I have an MVC3 app written in C# that I'd like to generate rel=canonical tags for. In searching SO for ways to achieve this automatically, I came across this post.
I implemented it in my dev environment and it works as intended and generates tags such as
<link href="http://localhost/" rel="canonical" />
.
My question is, what good does this do? Shouldn't the canonical URL point to explicitly where I want it to (i.e. my production site), rather than whatever the URL happens to be?
The reason I bring this up is because my hosting provider (who shall remain nameless for now) also generates another URL that points to my site (same IP address just a different hostname, I have no idea why, they claim it's for reverse DNS purposes -- this is another subject). However, I've started seeing my page show up in Google search results under this mirrored URL. Not good for SEO, since it's "duplicate content". Now, I've fixed it by simply configuring my IIS site to respond only to requests to my site's domain, however, it seemed a good time to look at what type of a solution canonical URLs could have provided here.
Using the solution in the post above, the rel=canonical link tag would have output a canonical URL containing the MIRRORED URL if someone were to go to the mirrored site, which is not at all what I would want. It should ALWAYS be <link rel="canonical" href="http://www.productionsite.com" />
, regardless of the URL in the address bar, right? I mean, isn't that the point of canonical URLs or am I missing something?
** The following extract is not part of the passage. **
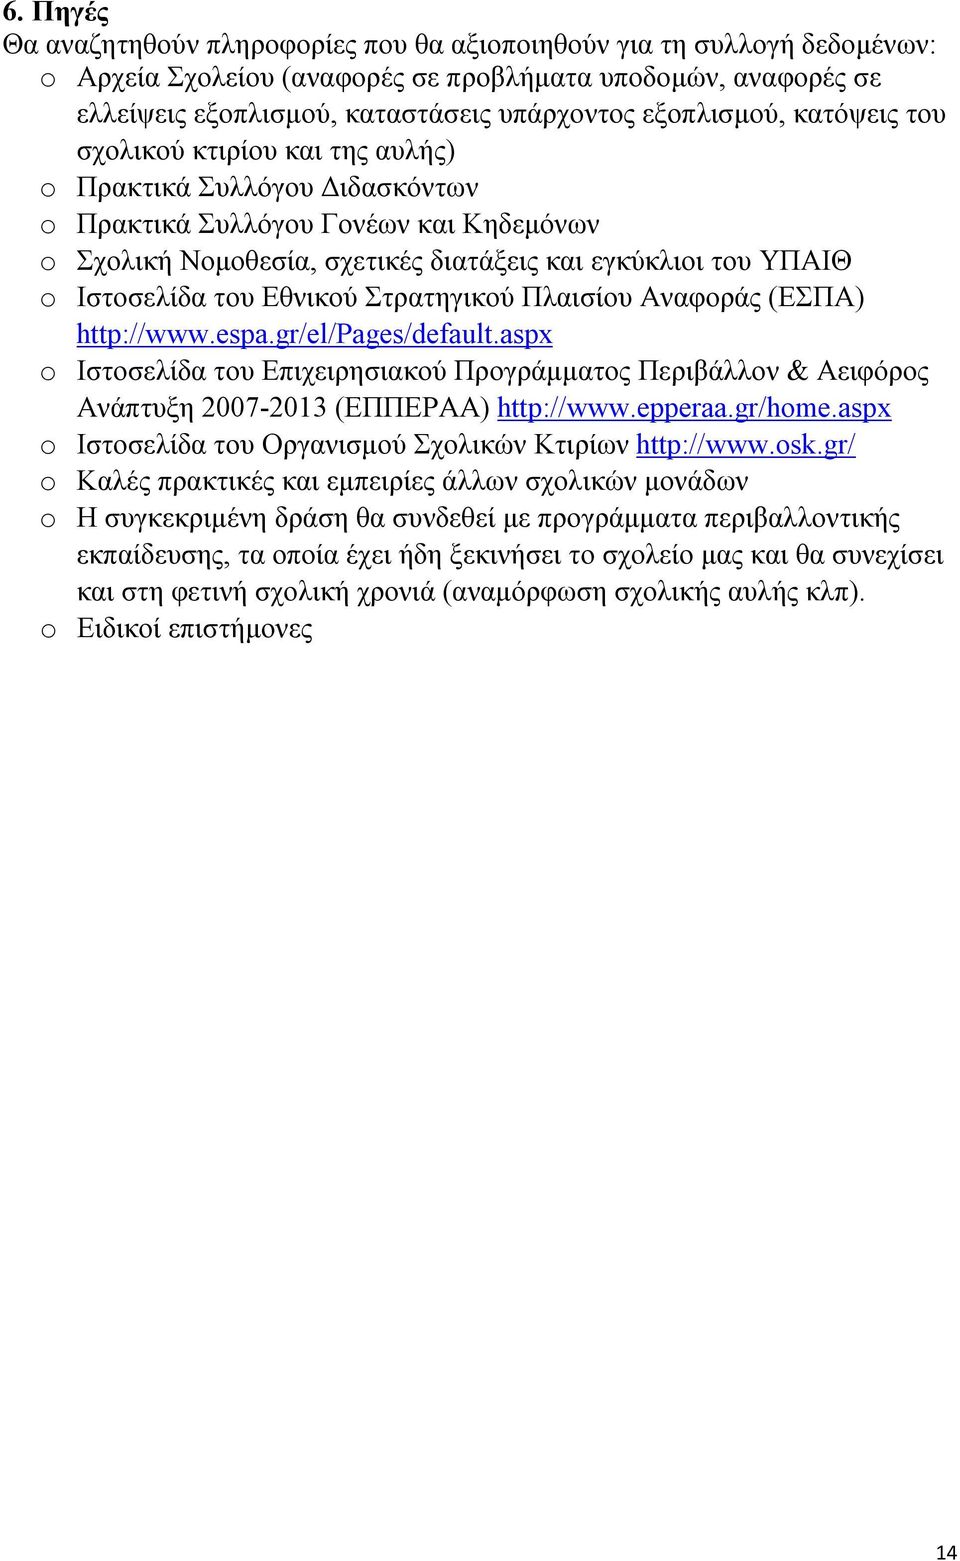 Ιστοσελίδα του Εθνικού Στρατηγικού Πλαισίου Αναφοράς (ΕΣΠΑ) http://www.espa.gr/el/pages/default.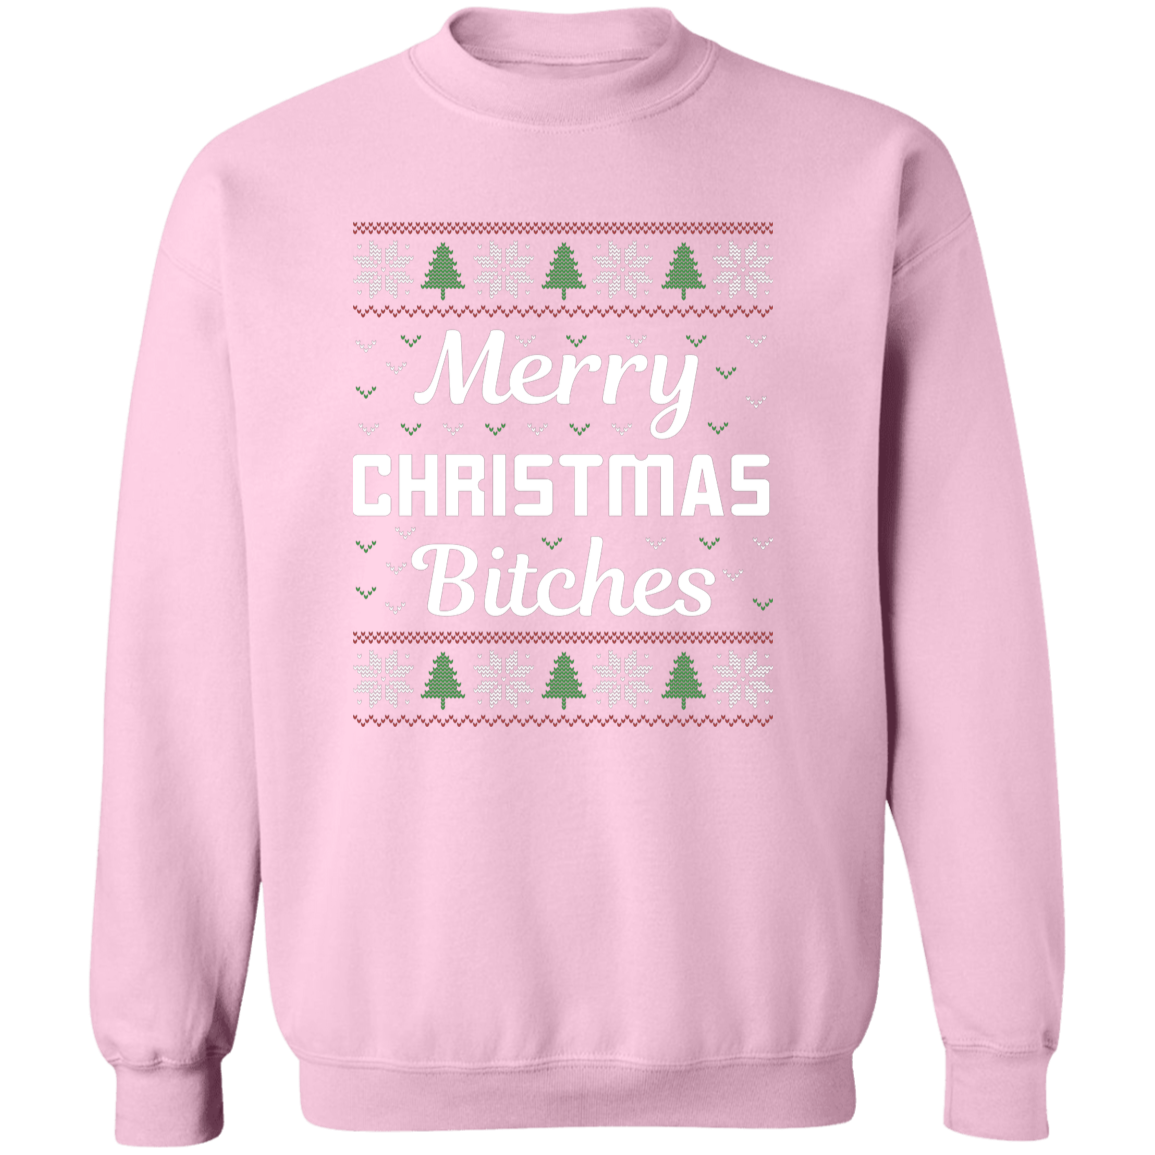 Merry Christmas Bitches Sweatshirt

Assuming I'm correct, is there an accepted, generic way to generate canonical URLs for an MVC3 app? I can obviously define them individually for every page, or I can simply replace the rawUrl.Host
parameter in the solution I linked with a hard-coded domain name, I'm just wondering why I see so many examples of people generating canonical URLs this way when it doesn't seem to fit the purpose (at least in my example). What problem are they trying to solve by just inserting the current URL into a rel=canonical link element?